All traversals share the fs filter set: all, recurse (bool or depth), type, glob/regexp (mutually exclusive), invert, fail.

pyrfs.dir_create

dir_create(path: str, *, mode: int | str = 493, recurse: bool = True) -> FsPath

Create a directory (parents too when recurse); existing dirs are fine.

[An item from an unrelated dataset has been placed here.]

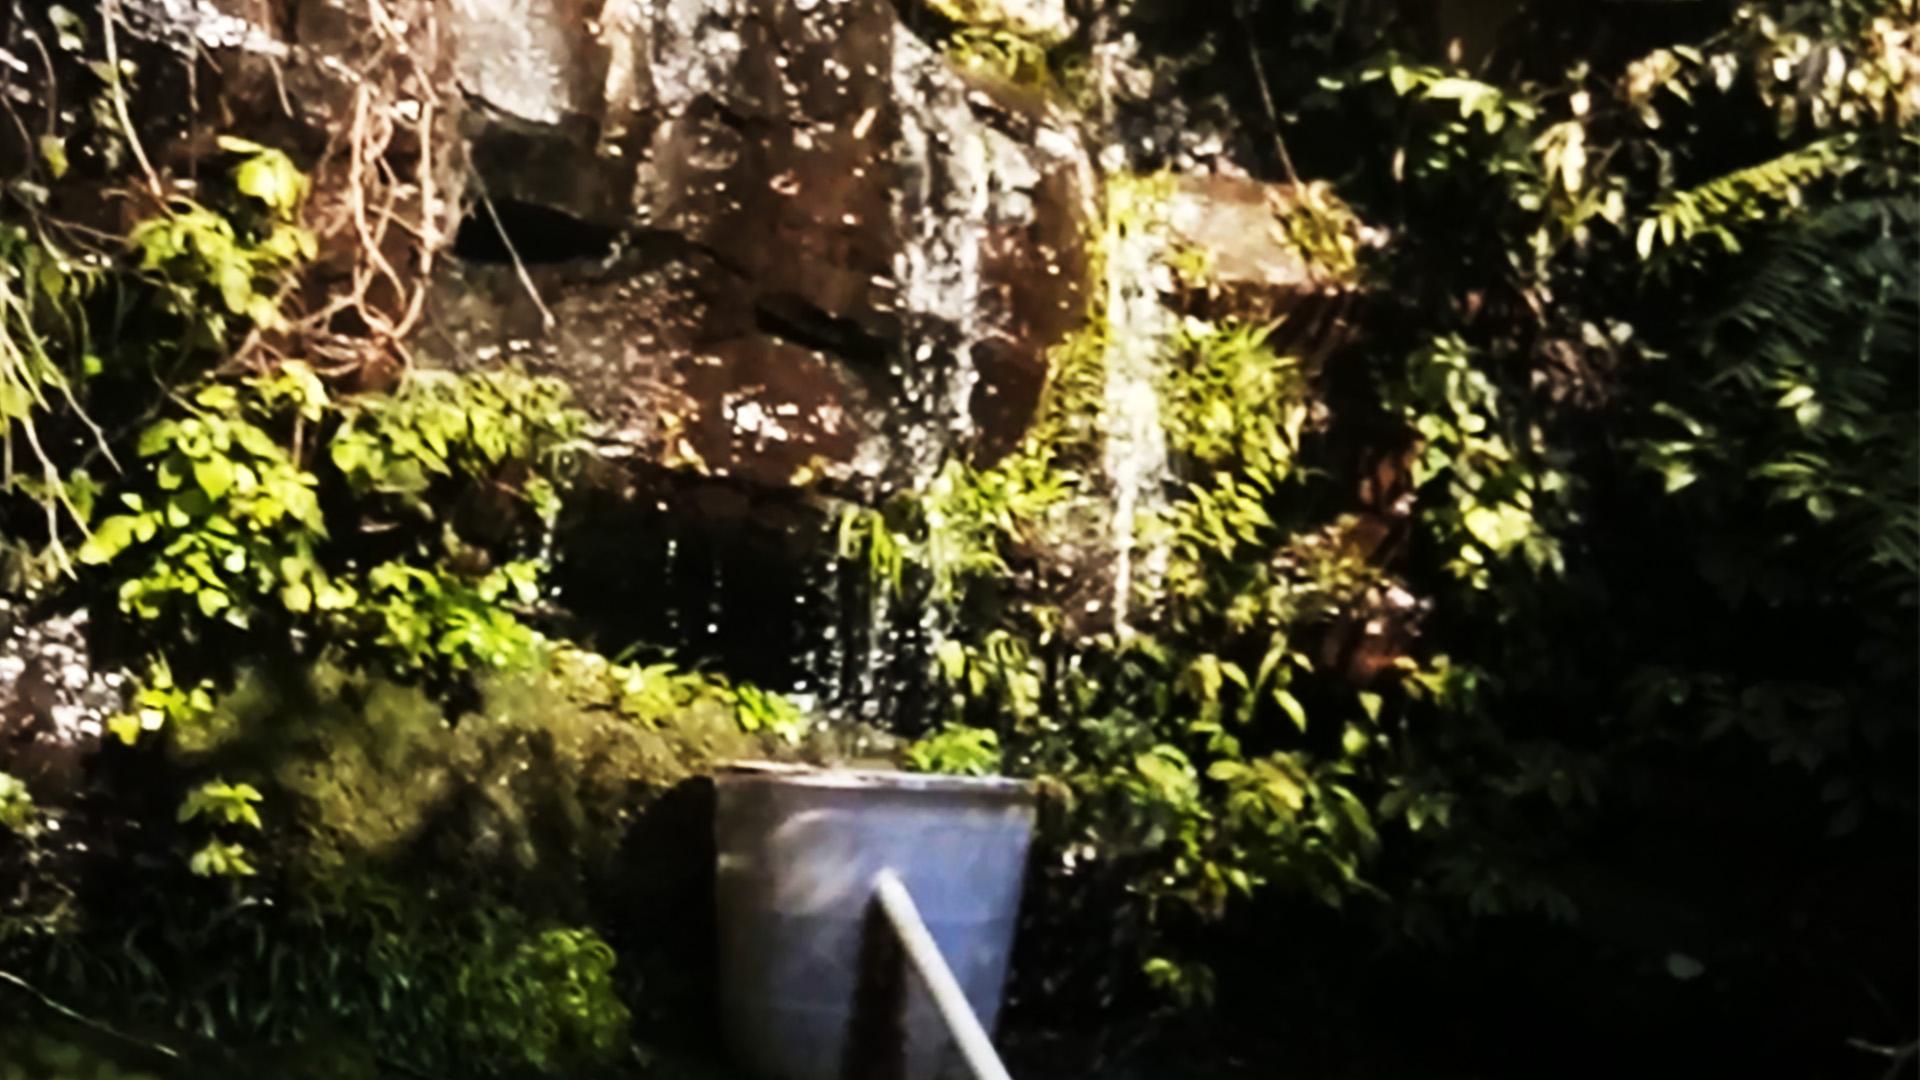 打井找水源,什么方法更科学,这里有口诀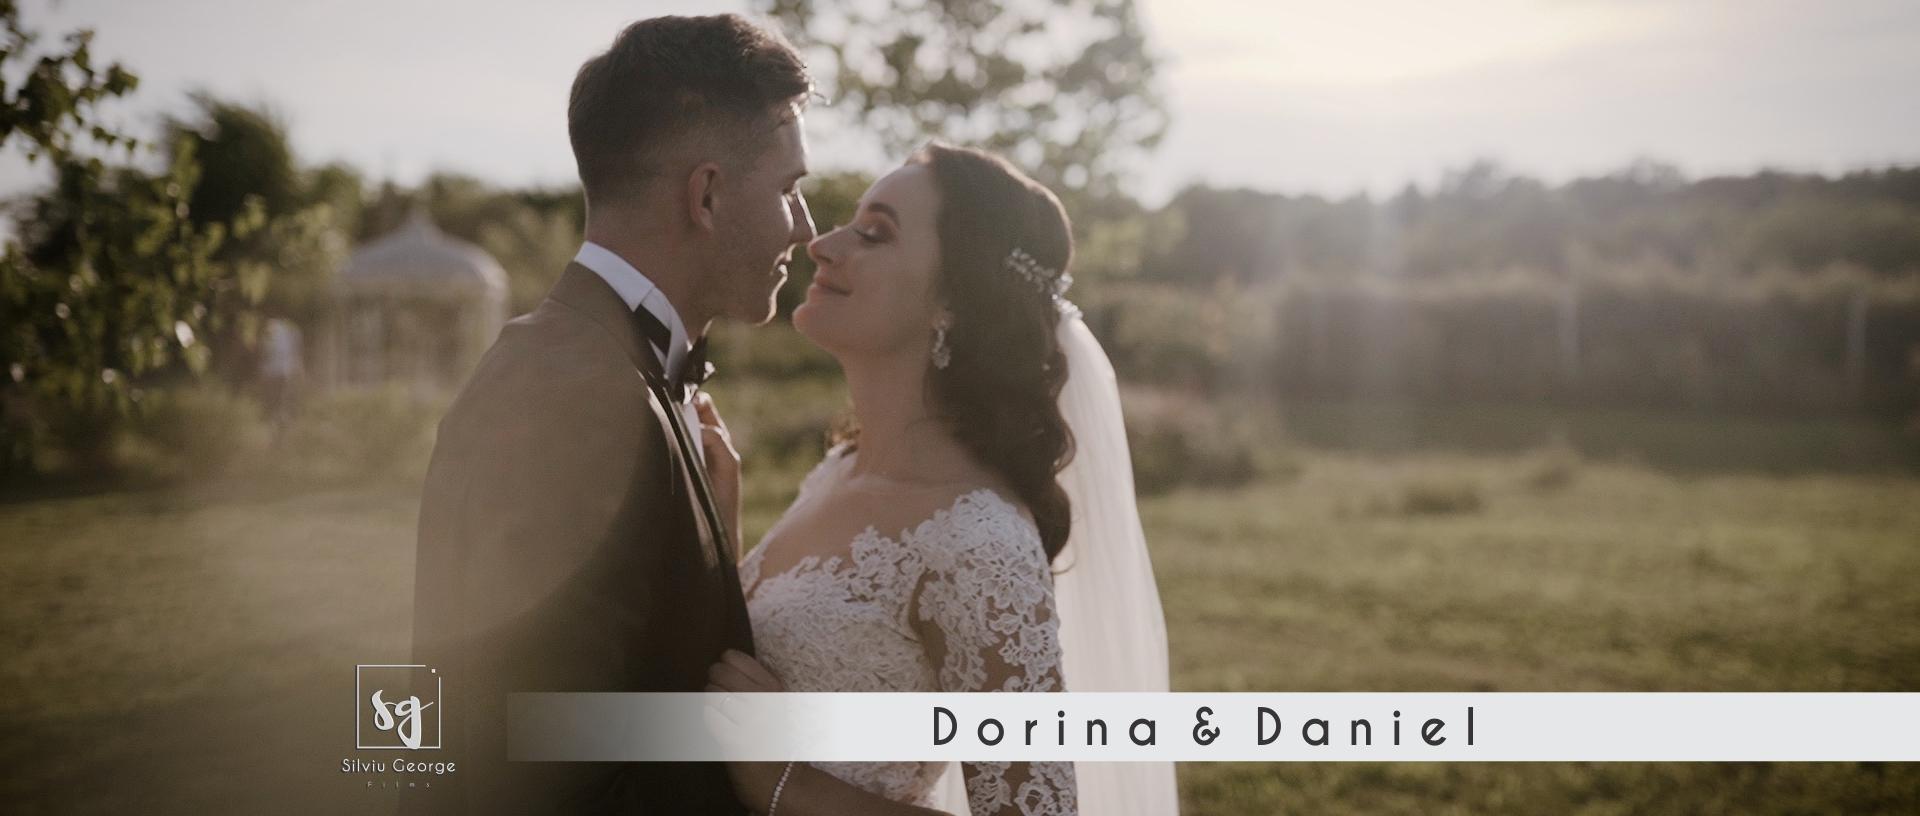 Dorina & Daniel

Vectorized: also accepts an iterable or pandas Series of paths.

Parameters:

Name Type Description Default
path str or PathLike

The directory to create.

required
mode int or str

Permissions for newly created directories (default 0o755); subject to the process umask.

493
recurse bool

Create missing parents too (default True, matching fs — note this differs from the recurse=False default of the listing functions).

True

Returns:

Type Description
FsPath

The created path (chains).

See Also

file_create : The file counterpart. FsPath.mkdir : Fluent equivalent.

Examples:

>>> dir_create("out/plots")
FsPath('out/plots')
>>> dir_exists("out/plots")
True

pyrfs.dir_exists

dir_exists(path: str) -> bool

Whether the path exists and is a directory (follows symlinks).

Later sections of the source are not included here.